While a good point, I'm not sure what he means by "granularity." I was under the impression that the most, if not all of the data path is digital, not analog on it's way up to the satellite. This means it is of a highly accurate and known behavior: we know the program, the version number and the data error bit checking subroutines that will not report the message if it is fragmentary (unlike micorsloth products which are not allowed in flight.) Error reporting of LMU items is very reliable stuff AFAIK: FAULT: The component experienced a subroutine shortcomming or a lack of signal that it needs to do it's thing. A fault occurred (not necessarily a complete failure or even a power loss). Some faults cause other faults in units that were depending on data from the upstream unit. This is my understanding of the process.

Mr Faser's attempt to delve into the aerodynamist's world of high speed, high altitude aerodynamic cause and effect sequences is ill-advised imho. These things do not have probable outcomes, even for a supercomputer. This is why most of the designs are scrapped at Edwards and Dryden after flight testing concludes, that for unknown reasons, the airfoil section when introduced on this particular airframe in this way behaves differently.

On the Rudder at altitude: whether or not a Yaw damper function was involved, or the pilot was involved is impossible to say. Airbus posters here suspect that yaw damping was available since in that alternate law mode it is still supposed to provide protection from dutch roll. My earlier comments were in the context of complete loss of yaw damping. I don't feel that's the problem now that Alternate Law has been explained to me.

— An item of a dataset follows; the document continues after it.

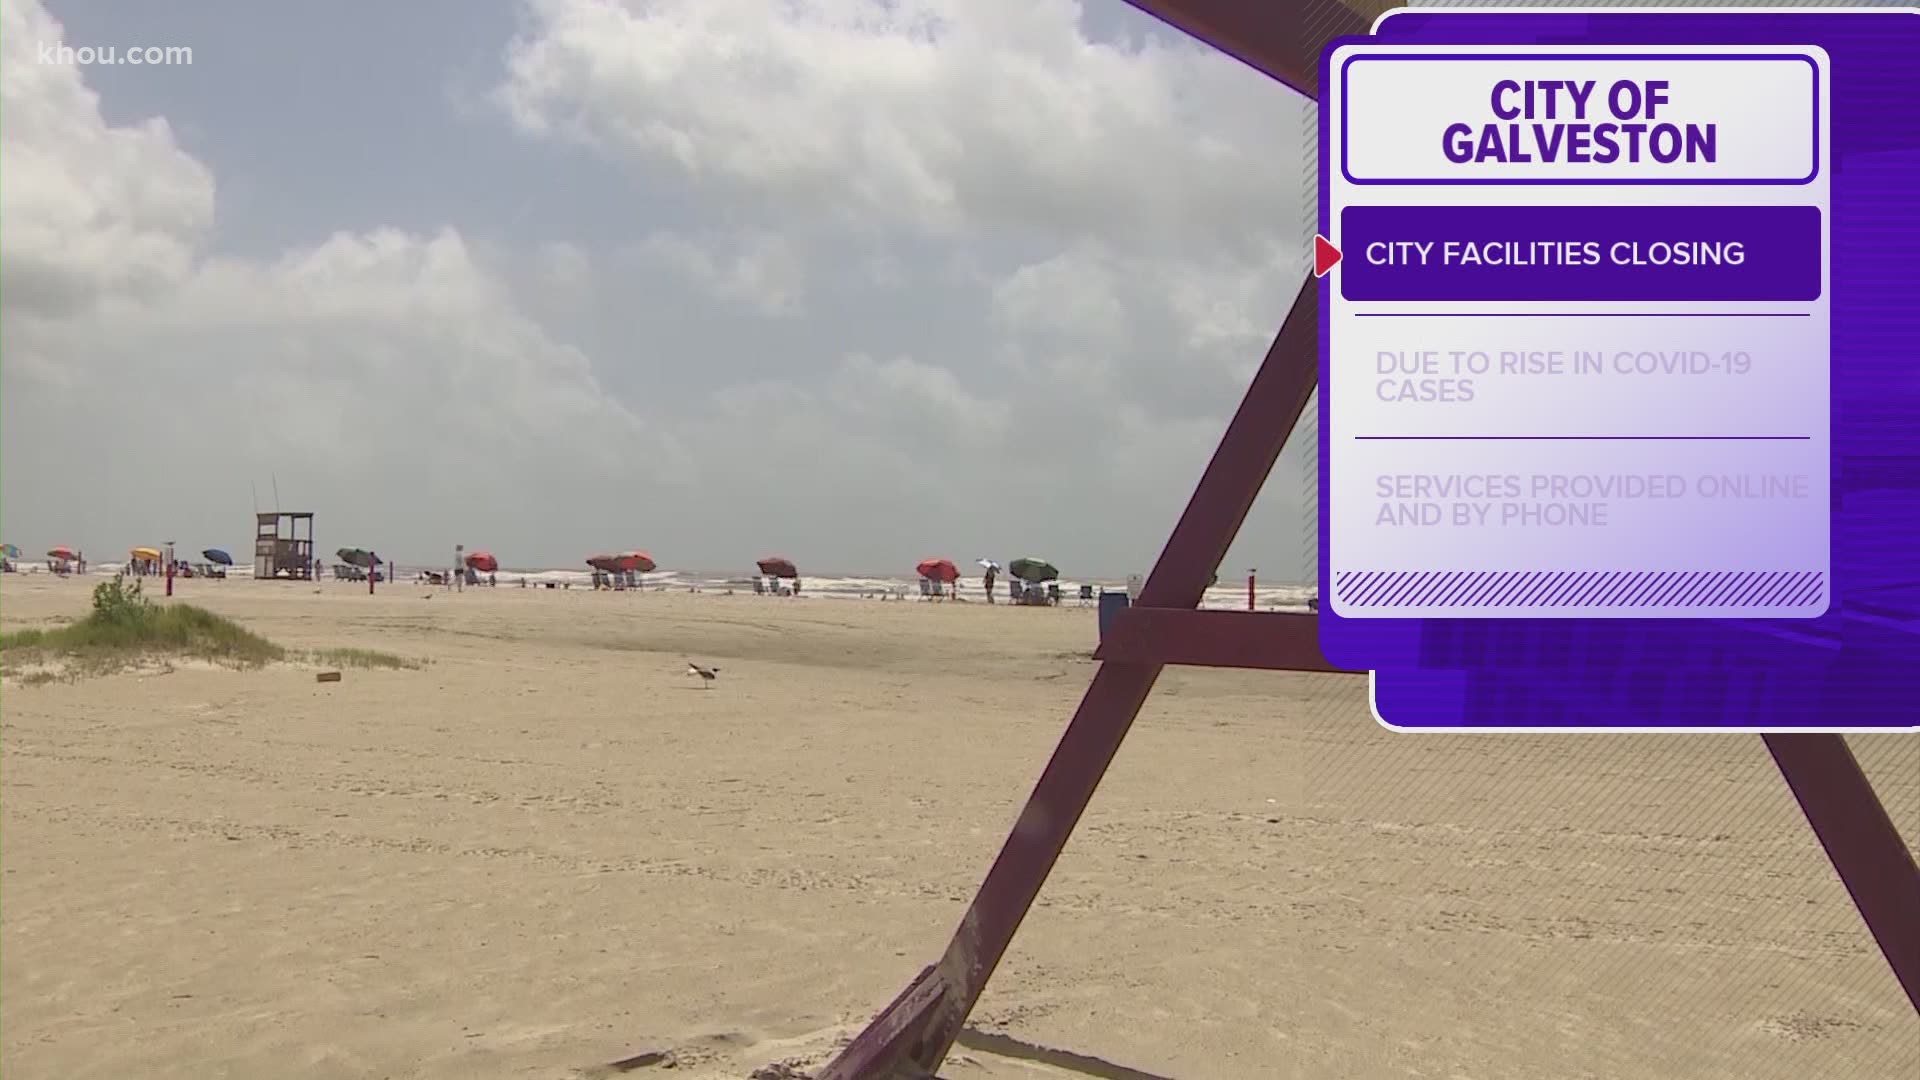 City of Galveston said closures begin Tuesday in response to the recent surge of coronavirus cases in the area.

All we should say for sure is that it appears the forward bolt hole of the VS yielded and the next two attach points did not, as evidenced by the attached lug carry though hardware. I wouldn't expect the VS/Rudder assembly to survive this way, attached and in good shape, if it was still attached to the airplane at sea level. But strong circumstantial SITA (french product for ACARS) data indicates it was attached at 0214z since the HF antenna coupler did not fault. (The SATCOM however, likely had it's own integral GPS for acquiring lock, I'm told, so this is no longer plausible evidence for an IRU platform available: hence ATT info.)

Seeing the same components faulted on other a330 mishaps is strong evidence. AB emphisizing unrelable airspeed preparedness is very suggestive that they feel this is the problem. Reportedly, the CEO said he doesn't think it's the pitot tubes. I don't either. Even though I think they all iced up, I suspect it's really the A330's interpretation of a complete loss of all air data that caused this accident. I had a number of accidental thrust latches on the FMA on the A310, where the AFS took the wrong action and required us to disconnect it.

Unfortunately, it appears I have sired a number of Captain experts with a total of one post. While they could have been banned for taking unpopular positions in the past, their posts suggest they have no experience flying in weather at altitude. I would suggest that from now on, that anybody with the title of Captain in his screen name is automatically suspect.

Yes including me. Feel free to challenge me on anything.

Cheers,

CC

All the above, is only my opinion only, and I could be wrong.